[Work task]:
Please return exactly the lines from the top of the data through the line that contains "A very rare", and skip all pictures.

[Data below]:
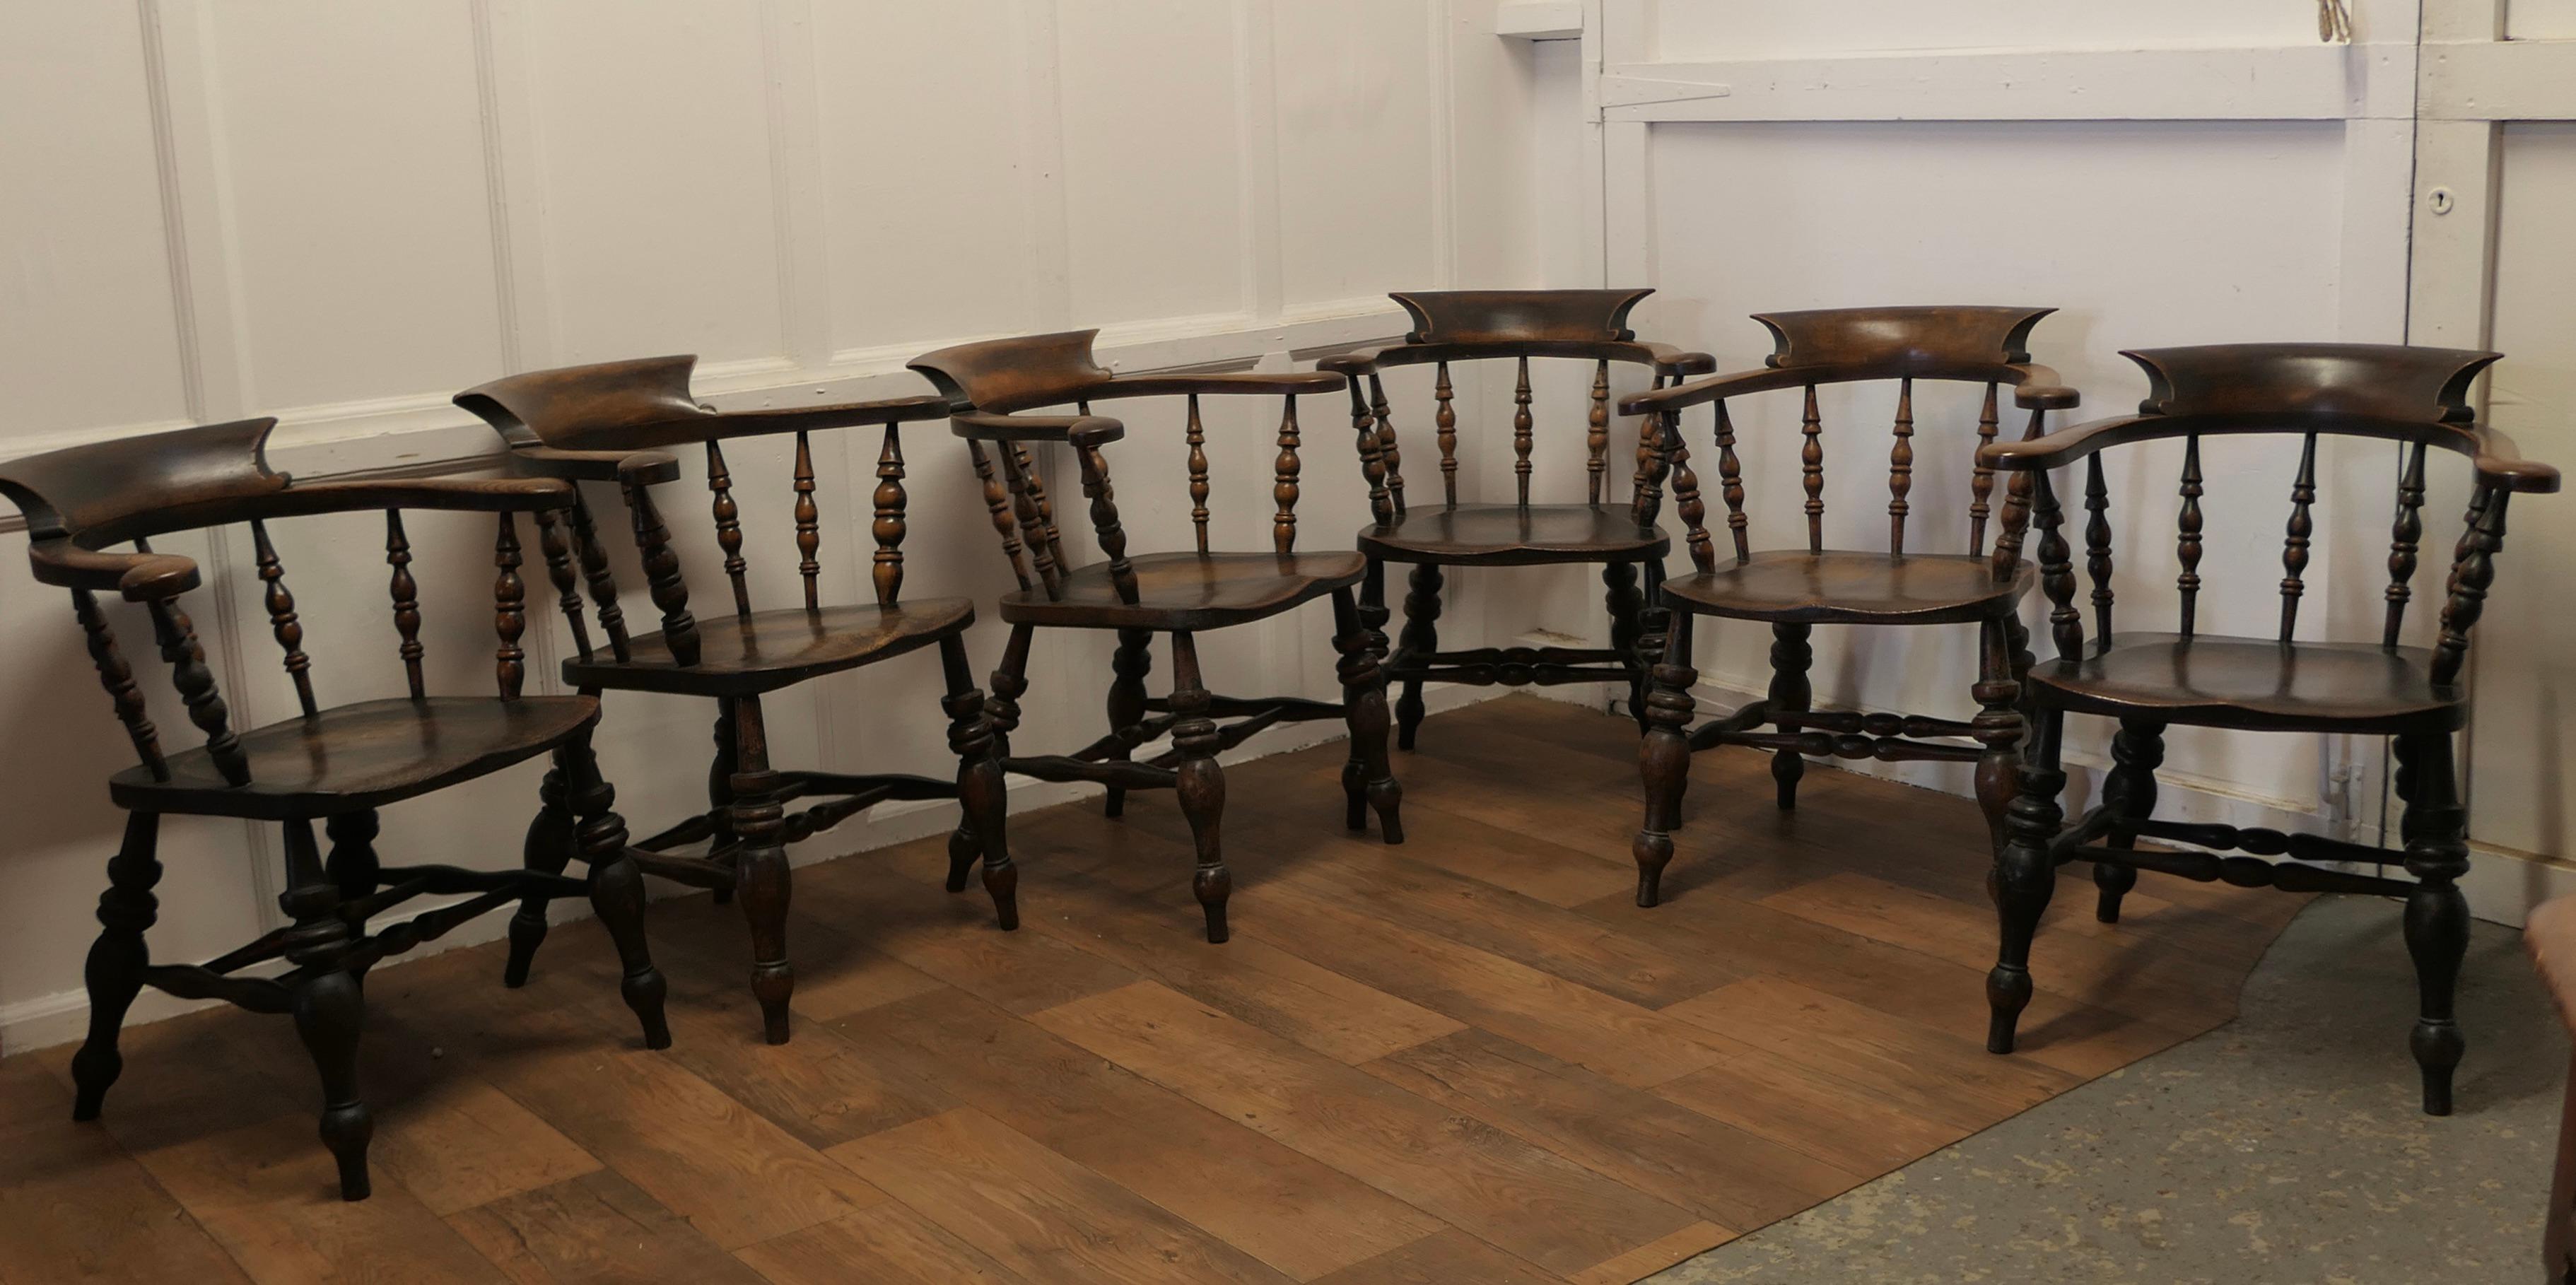 Set of 6 English Oak and Elm Windsor Carver Chairs

This style is known by many names Smokers Bow, Windsor Chairs or Captain’s Chairs 

A very rare original set of 6 English Oak and Elm Windsor Carver Chairs, all in very good original condition with
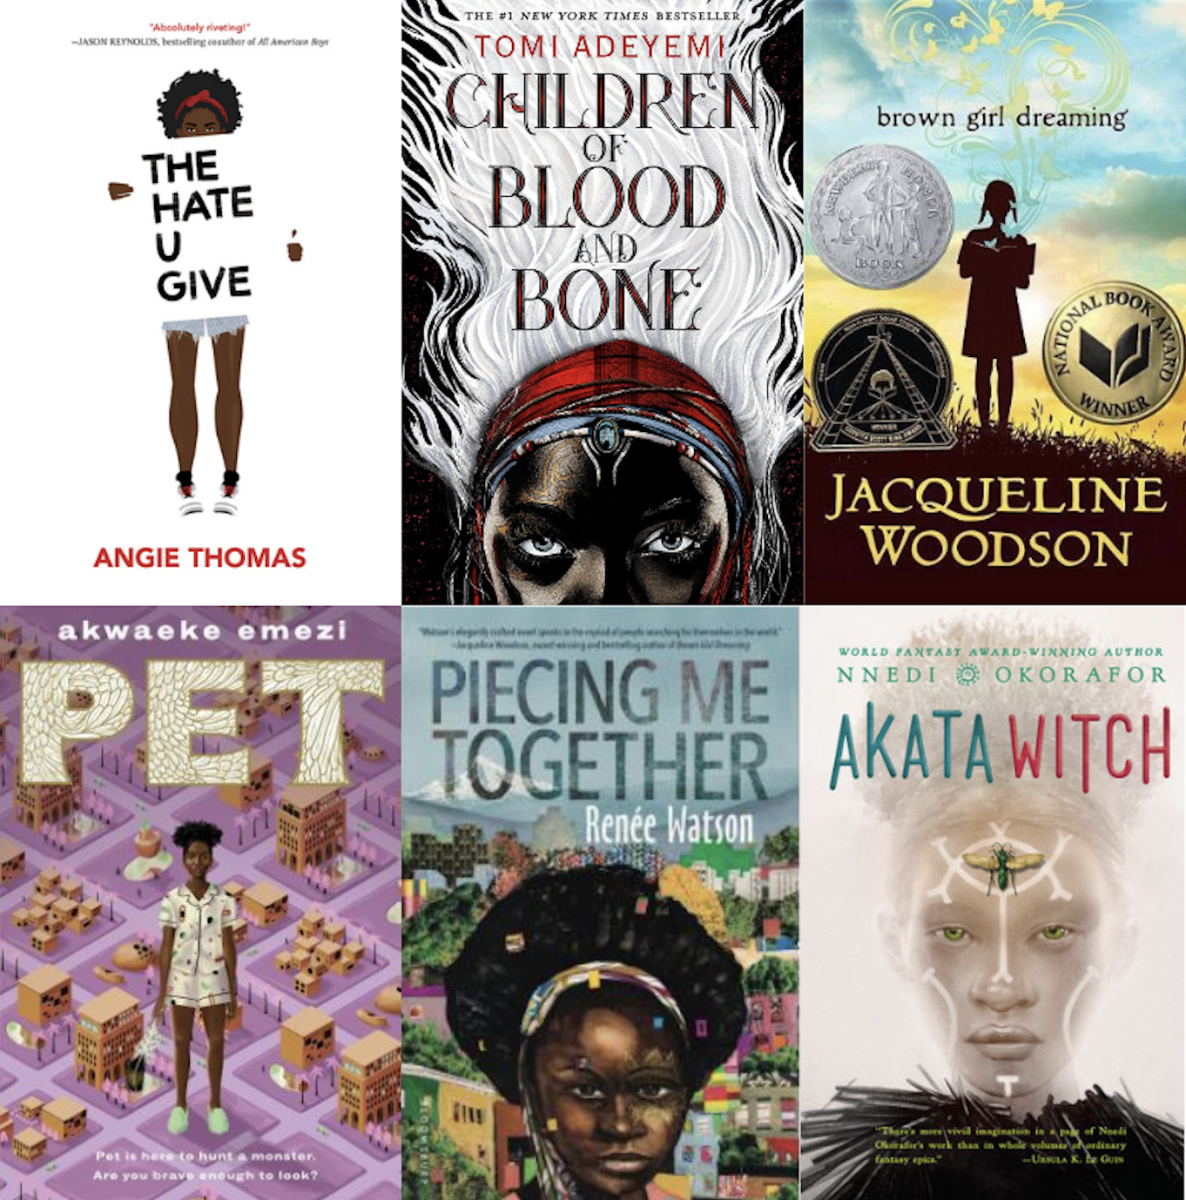 Top+left+to+bottom+right%3A+The+Hate+U+Give+by+Angie+Thomas%2C+Children+of+Blood+and+Bone+by+Tomi+Adeyemi%2C+Brown+Girl+Dreaming+by+Jacqueline+Woodson%2C+Pet+by+Akwaeke+Emezi%2C+Piecing+Me+Together+by+Ren%C3%A9e+Watson+and+Akata+Witch+by+Nnedi+Okorafor.+%28Courtesy+of+Goodreads%29

[Expected output]:
 Set of 6 English Oak and Elm Windsor Carver Chairs

This style is known by many names Smokers Bow, Windsor Chairs or Captain’s Chairs 

A very rare original set of 6 English Oak and Elm Windsor Carver Chairs, all in very good original condition with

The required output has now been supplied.